## Problem requirements:
The expected output is the data below, restated word for word.

## Given entries:
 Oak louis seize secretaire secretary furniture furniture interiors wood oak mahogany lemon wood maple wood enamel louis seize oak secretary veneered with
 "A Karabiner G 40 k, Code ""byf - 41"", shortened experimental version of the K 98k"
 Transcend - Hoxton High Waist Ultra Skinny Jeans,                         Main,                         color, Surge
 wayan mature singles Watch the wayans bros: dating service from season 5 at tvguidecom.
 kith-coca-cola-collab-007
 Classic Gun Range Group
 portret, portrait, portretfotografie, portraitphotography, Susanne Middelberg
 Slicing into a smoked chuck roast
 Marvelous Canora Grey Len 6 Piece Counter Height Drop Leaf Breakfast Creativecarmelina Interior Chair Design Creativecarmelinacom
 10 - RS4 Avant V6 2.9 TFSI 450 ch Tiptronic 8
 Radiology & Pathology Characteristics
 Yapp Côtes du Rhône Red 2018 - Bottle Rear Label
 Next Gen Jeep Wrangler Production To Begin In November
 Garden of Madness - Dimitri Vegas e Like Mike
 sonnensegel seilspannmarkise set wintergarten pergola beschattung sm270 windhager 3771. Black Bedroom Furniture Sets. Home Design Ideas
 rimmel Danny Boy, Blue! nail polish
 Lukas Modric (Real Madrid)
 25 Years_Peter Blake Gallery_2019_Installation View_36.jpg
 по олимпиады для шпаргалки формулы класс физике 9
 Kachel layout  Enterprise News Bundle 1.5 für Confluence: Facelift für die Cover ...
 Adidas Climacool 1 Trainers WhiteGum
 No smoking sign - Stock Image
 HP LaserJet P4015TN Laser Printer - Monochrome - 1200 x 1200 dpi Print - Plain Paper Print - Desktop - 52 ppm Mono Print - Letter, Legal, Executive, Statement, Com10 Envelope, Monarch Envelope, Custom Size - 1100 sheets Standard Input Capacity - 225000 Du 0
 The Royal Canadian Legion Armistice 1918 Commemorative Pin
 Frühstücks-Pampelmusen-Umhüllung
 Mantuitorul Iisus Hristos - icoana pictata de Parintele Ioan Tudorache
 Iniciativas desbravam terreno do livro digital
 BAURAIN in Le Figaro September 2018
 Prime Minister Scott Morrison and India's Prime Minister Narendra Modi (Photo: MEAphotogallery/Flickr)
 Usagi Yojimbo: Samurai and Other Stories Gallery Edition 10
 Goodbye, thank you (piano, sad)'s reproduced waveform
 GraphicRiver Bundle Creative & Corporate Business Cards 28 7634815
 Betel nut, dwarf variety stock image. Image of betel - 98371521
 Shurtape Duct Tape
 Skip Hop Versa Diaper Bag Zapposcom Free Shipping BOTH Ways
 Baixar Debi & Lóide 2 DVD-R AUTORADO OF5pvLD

## Solution to the exercise:
 Oak louis seize secretaire secretary furniture furniture interiors wood oak mahogany lemon wood maple wood enamel louis seize oak secretary veneered with
 "A Karabiner G 40 k, Code ""byf - 41"", shortened experimental version of the K 98k"
 Transcend - Hoxton High Waist Ultra Skinny Jeans,                         Main,                         color, Surge
 wayan mature singles Watch the wayans bros: dating service from season 5 at tvguidecom.
 kith-coca-cola-collab-007
 Classic Gun Range Group
 portret, portrait, portretfotografie, portraitphotography, Susanne Middelberg
 Slicing into a smoked chuck roast
 Marvelous Canora Grey Len 6 Piece Counter Height Drop Leaf Breakfast Creativecarmelina Interior Chair Design Creativecarmelinacom
 10 - RS4 Avant V6 2.9 TFSI 450 ch Tiptronic 8
 Radiology & Pathology Characteristics
 Yapp Côtes du Rhône Red 2018 - Bottle Rear Label
 Next Gen Jeep Wrangler Production To Begin In November
 Garden of Madness - Dimitri Vegas e Like Mike
 sonnensegel seilspannmarkise set wintergarten pergola beschattung sm270 windhager 3771. Black Bedroom Furniture Sets. Home Design Ideas
 rimmel Danny Boy, Blue! nail polish
 Lukas Modric (Real Madrid)
 25 Years_Peter Blake Gallery_2019_Installation View_36.jpg
 по олимпиады для шпаргалки формулы класс физике 9
 Kachel layout  Enterprise News Bundle 1.5 für Confluence: Facelift für die Cover ...
 Adidas Climacool 1 Trainers WhiteGum
 No smoking sign - Stock Image
 HP LaserJet P4015TN Laser Printer - Monochrome - 1200 x 1200 dpi Print - Plain Paper Print - Desktop - 52 ppm Mono Print - Letter, Legal, Executive, Statement, Com10 Envelope, Monarch Envelope, Custom Size - 1100 sheets Standard Input Capacity - 225000 Du 0
 The Royal Canadian Legion Armistice 1918 Commemorative Pin
 Frühstücks-Pampelmusen-Umhüllung
 Mantuitorul Iisus Hristos - icoana pictata de Parintele Ioan Tudorache
 Iniciativas desbravam terreno do livro digital
 BAURAIN in Le Figaro September 2018
 Prime Minister Scott Morrison and India's Prime Minister Narendra Modi (Photo: MEAphotogallery/Flickr)
 Usagi Yojimbo: Samurai and Other Stories Gallery Edition 10
 Goodbye, thank you (piano, sad)'s reproduced waveform
 GraphicRiver Bundle Creative & Corporate Business Cards 28 7634815
 Betel nut, dwarf variety stock image. Image of betel - 98371521
 Shurtape Duct Tape
 Skip Hop Versa Diaper Bag Zapposcom Free Shipping BOTH Ways
 Baixar Debi & Lóide 2 DVD-R AUTORADO OF5pvLD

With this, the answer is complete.